Whatever happened to… the Domesday Discs?

Who remembers the BBC Domesday Project and the resulting Domesday Discs?

Well, I do at least. I’m not quite sure why, but the other day I started wondering what had happened to the project and the collected data.

Never heard of the project? Well, back in 1984 the BBC started a project with a number of companies to create a modern version of the Domesday book which was due to celebrate its 900th anniversary in 1986. School children were asked to write about their local area and send in photographs. All of this data was then collated onto two laser discs, along with statistics such as census data as well as maps, short videos and virtual walks around parts of the country. The texts that the children had written were saved as teletext pages and the whole thing required a specially adapted BBC micro computer to run.

I’m not quite sure if I ever wrote anything in school that got submitted to the project, but I do remember some years later when the discs were available that we didn’t have them at my school or in our local library, so when a set became available at another school it was arranged for me to spend an evening looking at them.

In the days before the World Wide Web and all the modern sources of information that are now available, this was a fascinating project of which I know no equal, and a few days ago I started wondering what had happened to all of that data and I was surprised to find an answer so quickly just by searching the internet.

Actually, what seemed like a revolution in terms of the amount of data back then is by comparison today quite small. Each of the laser discs could store 300MB on each side, meaning the combination of both sides stored less than a data CD today.

Recently, a project had been set up to recover the data and make it readable again. This included reverse engineering a set of discs to convert the data into modern formats. I read all about this at a fascinating website called Domesday Redux. Then I came across another site about the history of the project.

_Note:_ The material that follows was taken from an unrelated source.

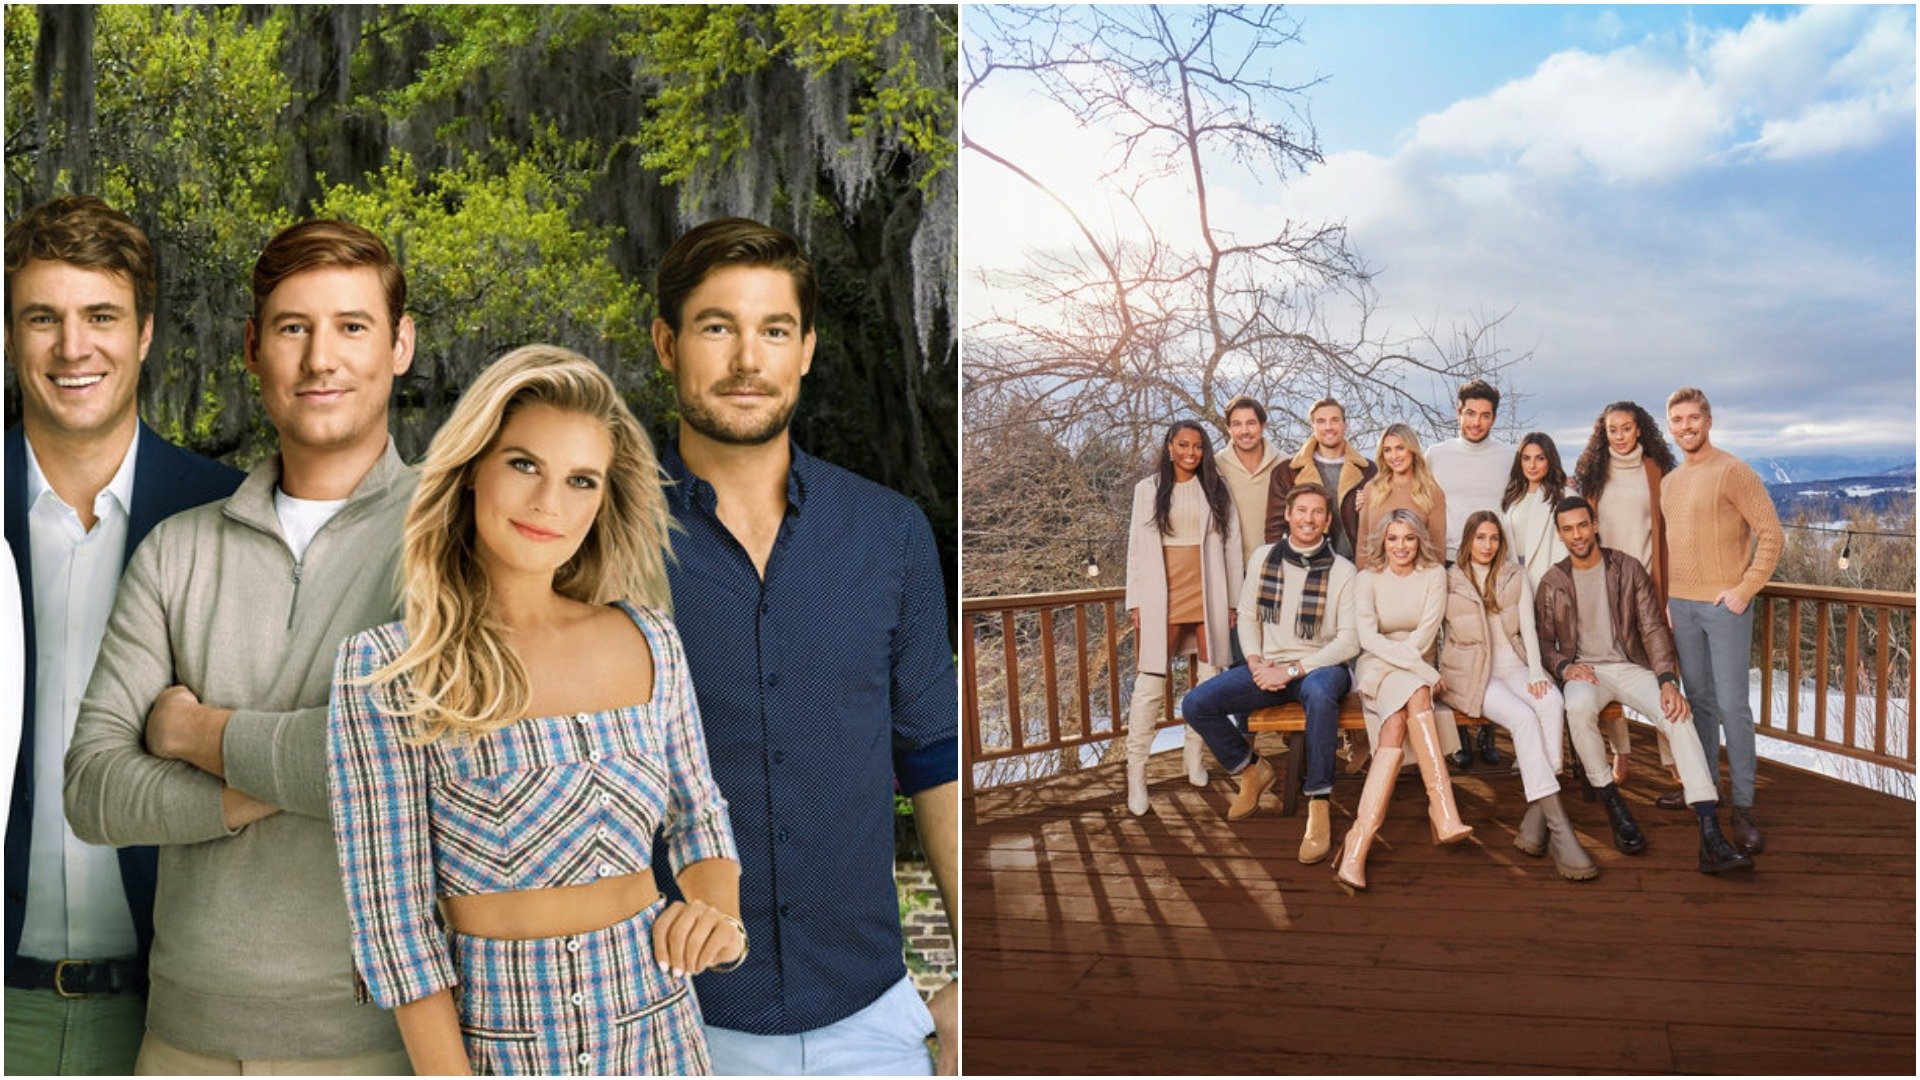 Southern Charm and Winter House are shot using very different approaches

But the main surprise was this site: www.domesday1986.com – this is the result of that reverse engineering, an online version of the community disc (the one with the children’s texts and photos on).

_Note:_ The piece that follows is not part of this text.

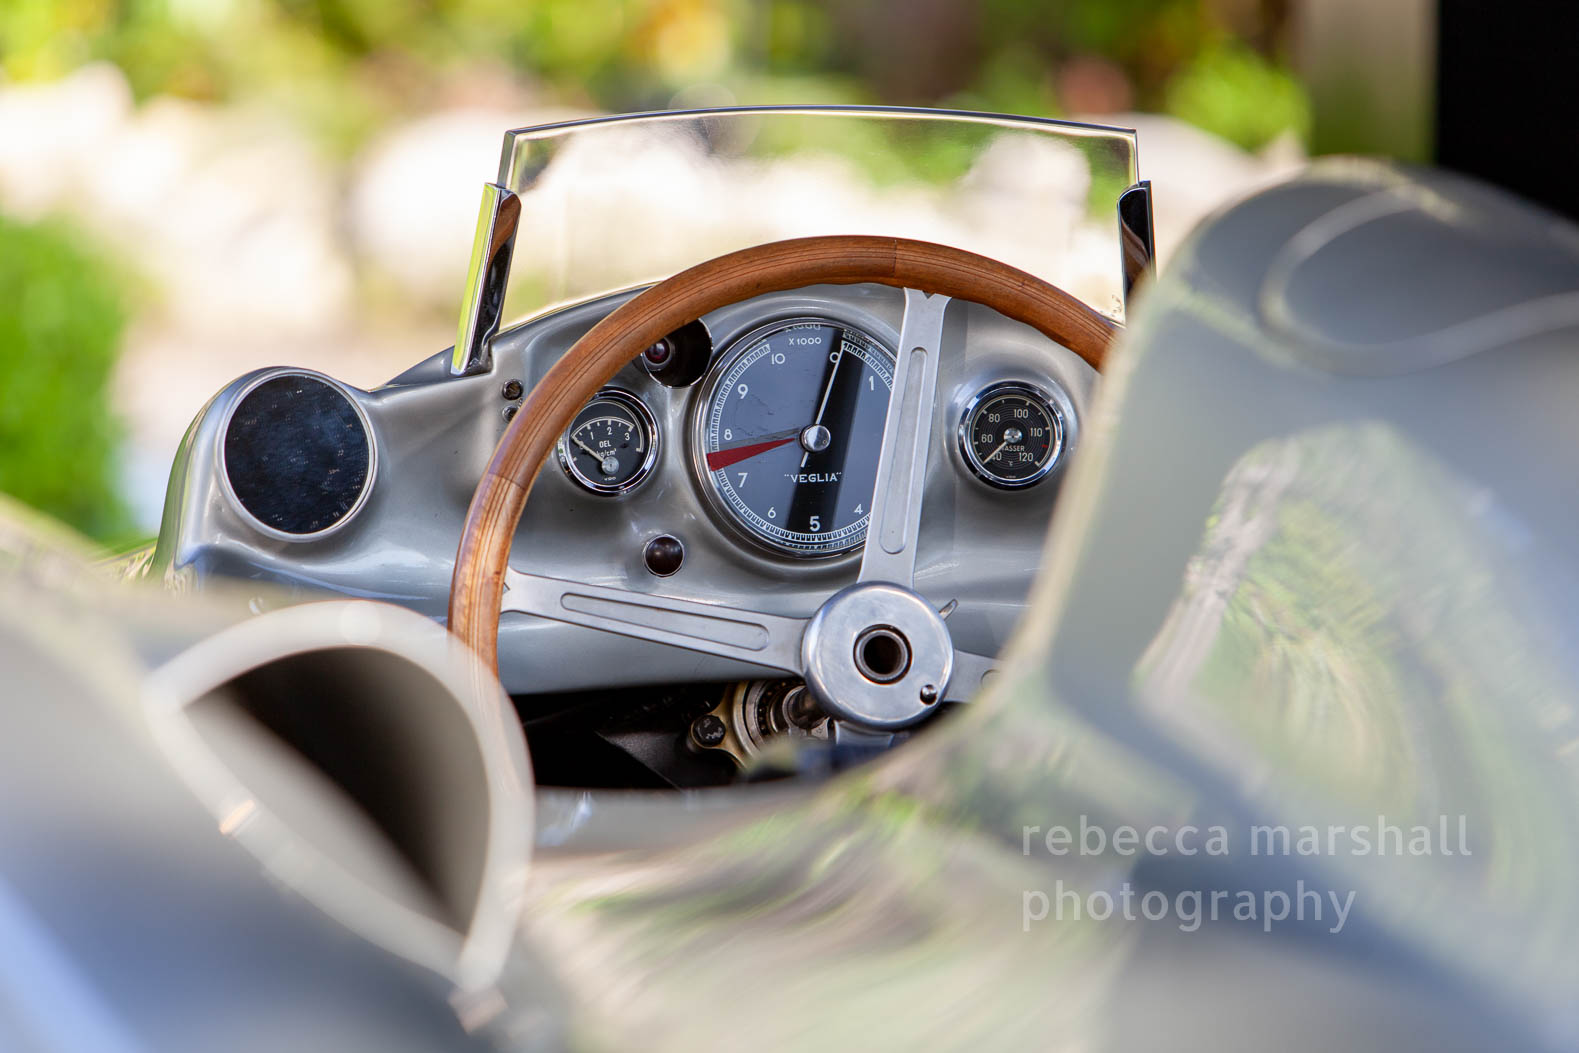 Close-up photograph of the dashboard of a vintage racing car

I have been able to re-visit texts about places that I used to live and go to school in, and I have seen photos of those places as they were in 1984-1986, even one showing my school and the house that I used to live in!

Visiting that site is a real treat and I am so glad to have found it. Let’s hope that it remains on-line as long as possible so that future generations can learn about how we put together this amazing collection of information – without writing a single E-mail!

The secret Indian army of WWII

I’m always fascinated by lost tales from World War II – small unknown facts that have only now been made public.

Such stories are not becoming rare, so I was interested to read this report on a secret army of recruits from India that had trained in Germany.

The information had originally been locked away for 75 years, having been deemed too sensitive to be made public any earlier, but now it has been and it really does stun me as to the countries involved.

When you learn about the British Raj in India and the time around WWII, you learn about the threat from the Japanese army. The thought that Nazi Germany was training Indian recruits in secret is something completely new.

I have certainly never heard of the “Free India Legion” defending the Atlantic Wall before.

I wonder what other secrets are in the archives, waiting to be discovered before the people who were alive then can no longer enlighten us to their personal experiences.

One example are the documents concerning the occupation of the Channel Islands – these were sealed for 100 years!

Will these now be available earlier as well?

I’ll leave the 9th May 2045 in my diary for the moment.

Learning to speak a language – and be tested on it

I remember when GCSEs were first introduced – I myself was in the first year to take them for mathematics, and the second year for other subjects such as languages. The idea was to put more emphasis on being able to do something, than being able to be tested on it.

So in languages more effort was put in being able to speak a language and make yourself understood, and a little bit less was put into writing it and the grammar – something that my university would later complain about.

So the idea that pupils should no longer have oral examinations on these subjects is a bit worrying – for me it seems like another step back from leaning the language thoroughly.

I don’t remember that much about my GCSE oral exams, but I remember that certain situations had to be prepared and you learnt a lot of set phrases at the time. I do, however, clearly remember my A-level German oral exam (which I got an ‘A’ in 🙂 and it was maybe stressful, but it was a positive experience to come out of the exam and to be able to say that I had managed to keep going in German for the entire duration.

So why get rid of this part of the exam process?

There is nothing to be gained in my opinion from only having the spoken skills assessed – as at the first opportunity in the workplace these skills may really be tested.

I used to interview students coming to Germany for placements here – and I carried out the interviews in German.

Of course, having been through the system myself, I had an advantage over a native speaker in that I knew what vocabulary a student would or would not know, and could as such make the interview easy or difficult.

In fact, it was not only important to be able to speak German, but to have the confidence to do it!

I gained a lot of confidence in my A-level oral exam – and a lot more on subsequent trips to Germany when I sometimes had no alternative but to explain myself in German.

Please don’t take this confidence booster away from today’s schoolchildren!